On Thu, Dec 3, 2020 at 7:49 PM Yun Gao <[hidden email]> wrote:

Hi Rex,

Could you also attach one example for these sql / table ? And one possible issue to confirm is that does the operators with the same names also have the same inputs ?

Best,
Yun
------------------Original Mail ------------------
Sender:Rex Fenley <[hidden email]>
Send Date:Fri Dec 4 02:55:41 2020
Recipients:user <[hidden email]>
Subject:Duplicate operators generated by plan
Hello,

I'm running into an issue where my execution plan is creating the same exact join operator multiple times simply because the subsequent operator filters on a different boolean value. This is a massive duplication of storage and work. The filtered operators which follow result in only a small set of elements filtered out per set too.

eg. of two separate operators that are equal

Join(joinType=[InnerJoin], where=[(id = id_splatted)], select=[id, organization_id, user_id, roles, id_splatted, org_user_is_admin, org_user_is_teacher, org_user_is_student, org_user_is_parent], leftInputSpec=[JoinKeyContainsUniqueKey], rightInputSpec=[JoinKeyContainsUniqueKey]) -> Calc(select=[id, organization_id, user_id, roles AS org_user_roles, org_user_is_admin, org_user_is_teacher, org_user_is_student, org_user_is_parent]

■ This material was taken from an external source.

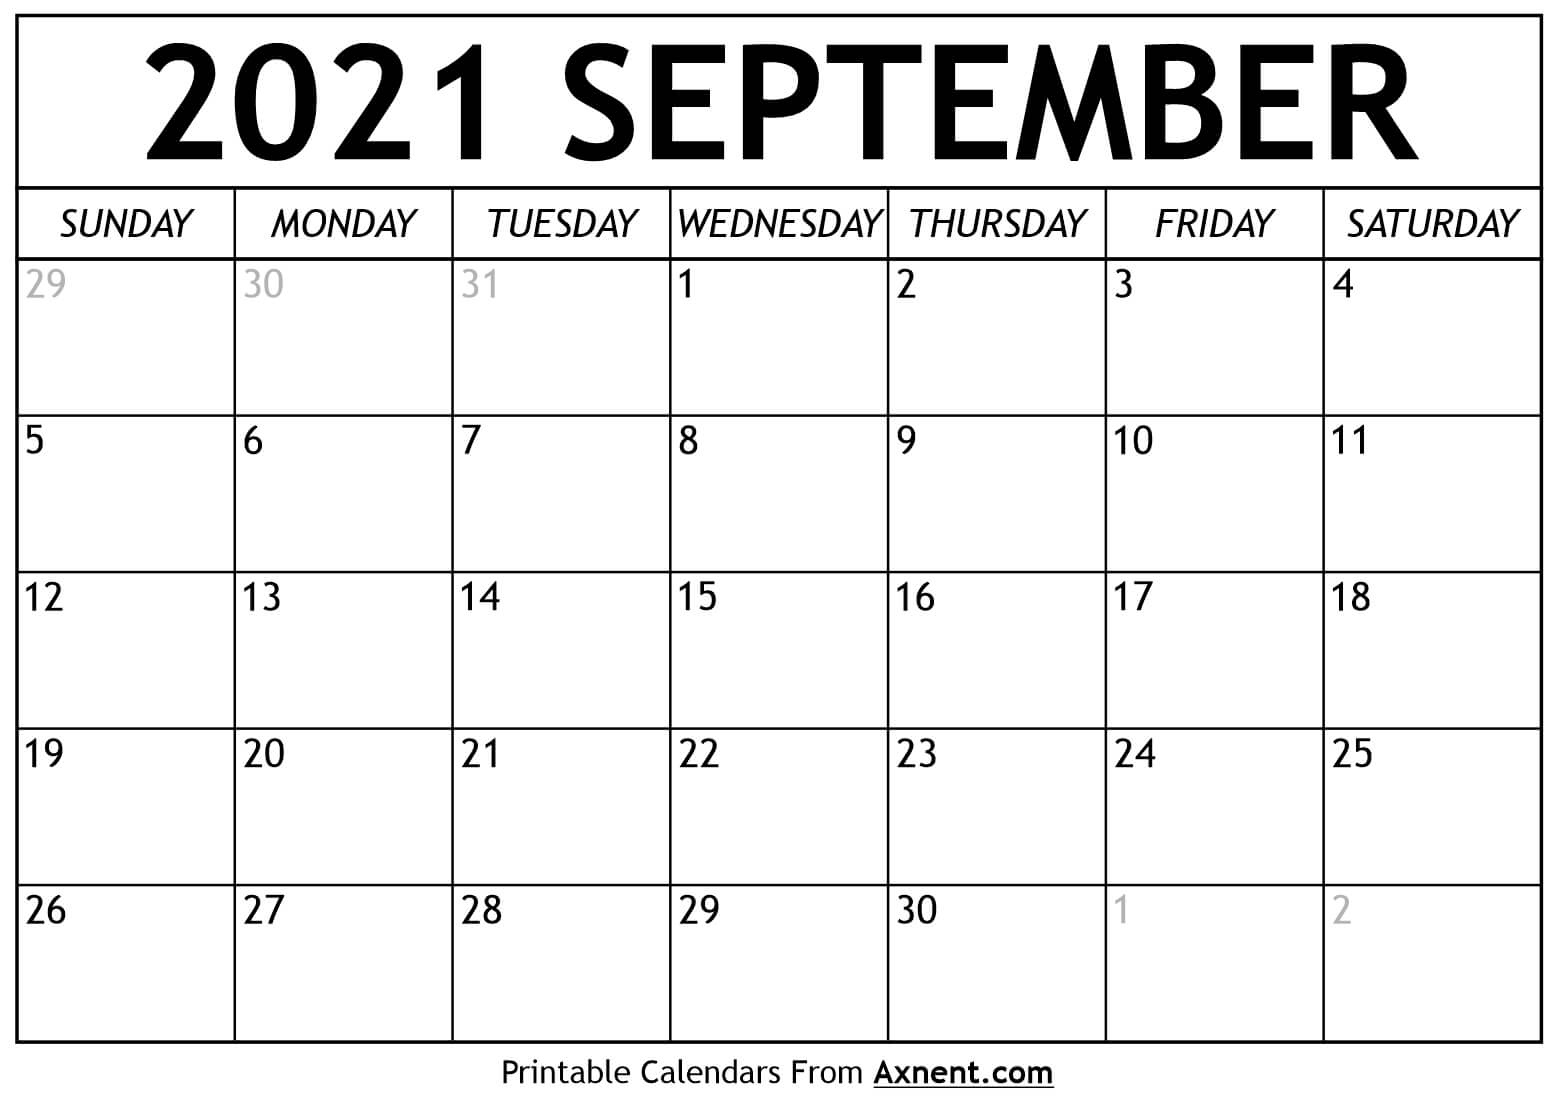 Printable September 2021 Calendar Template - Time Management Tools Printable September 2021 September 2021 Hindu Calendar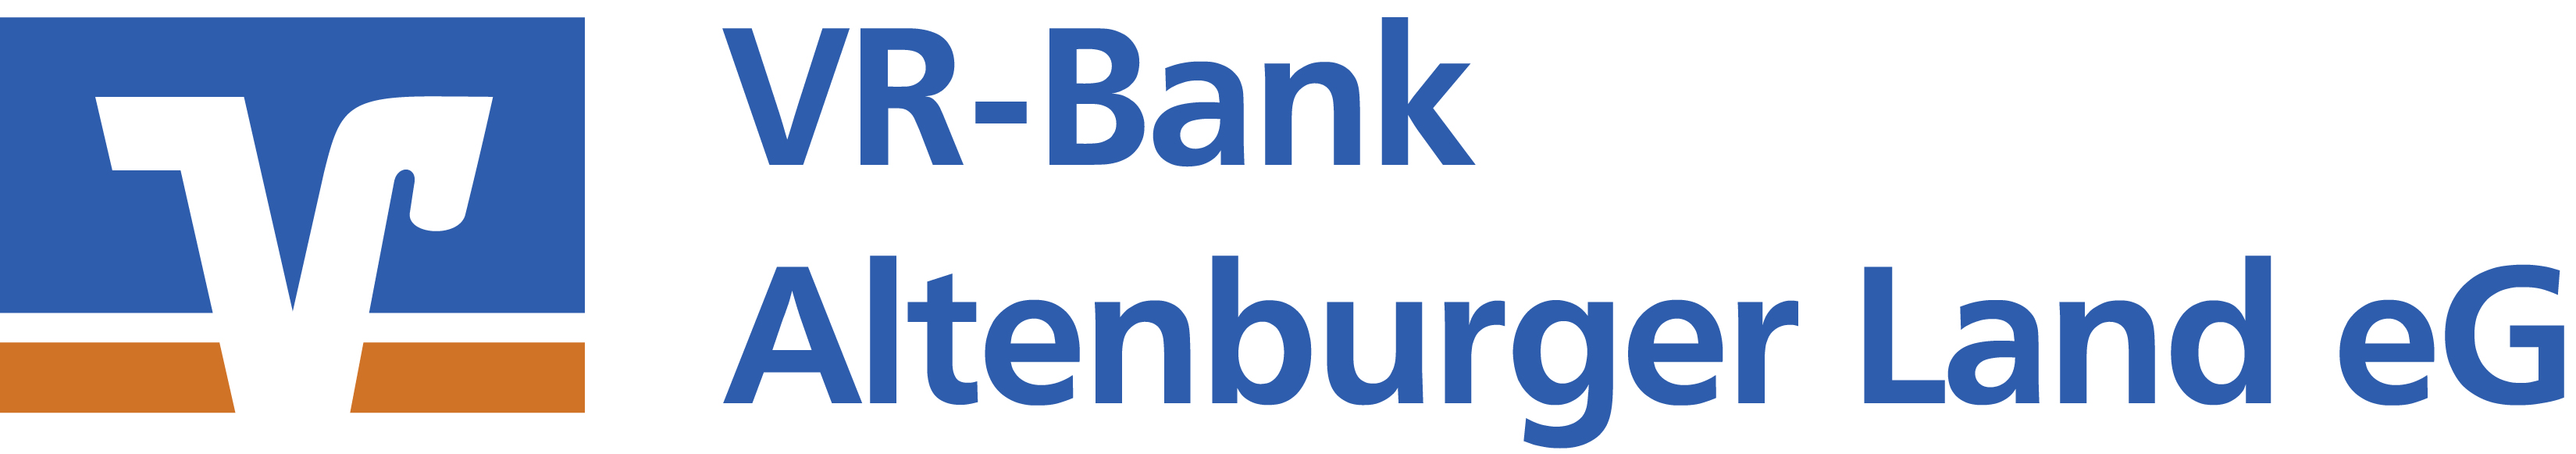 VR-Bank Altenburger Land eG

Join(joinType=[InnerJoin], where=[(id = id_splatted)], select=[id, organization_id, user_id, roles, id_splatted, org_user_is_admin, org_user_is_teacher, org_user_is_student, org_user_is_parent], leftInputSpec=[JoinKeyContainsUniqueKey], rightInputSpec=[JoinKeyContainsUniqueKey]) -> Calc(select=[id, organization_id, user_id, roles AS org_user_roles, org_user_is_admin, org_user_is_teacher, org_user_is_student, org_user_is_parent])

Which are entirely the same datasets being processed.

The first one points to
GroupAggregate(groupBy=[user_id], select=[user_id, IDsAgg_RETRACT(organization_id) AS TMP_0]) -> Calc(select=[user_id, TMP_0.f0 AS admin_organization_ids])

The second one points to
GroupAggregate(groupBy=[user_id], select=[user_id, IDsAgg_RETRACT(organization_id) AS TMP_0]) -> Calc(select=[user_id, TMP_0.f0 AS teacher_organization_ids])

And these are both intersecting sets of data though slightly different. I don't see why that would make the 1 join from before split into 2 though. There's even a case where I'm seeing a join tripled.

Is there a good reason why this should happen? Is there a way to tell flink to not duplicate operators where it doesn't need to?

Thanks!

--
Rex Fenley | Software Engineer - Mobile and Backend

Remind.com | BLOG | FOLLOW US | LIKE US

Rex Fenley | Software Engineer - Mobile and Backend

Remind.com | BLOG | FOLLOW US | LIKE US

Rex Fenley

Re: Duplicate operators generated by plan

cc Brad

On Thu, Dec 3, 2020 at 10:17 PM Rex Fenley <[hidden email]> wrote:

Yes, the same exact input operators go into both joins.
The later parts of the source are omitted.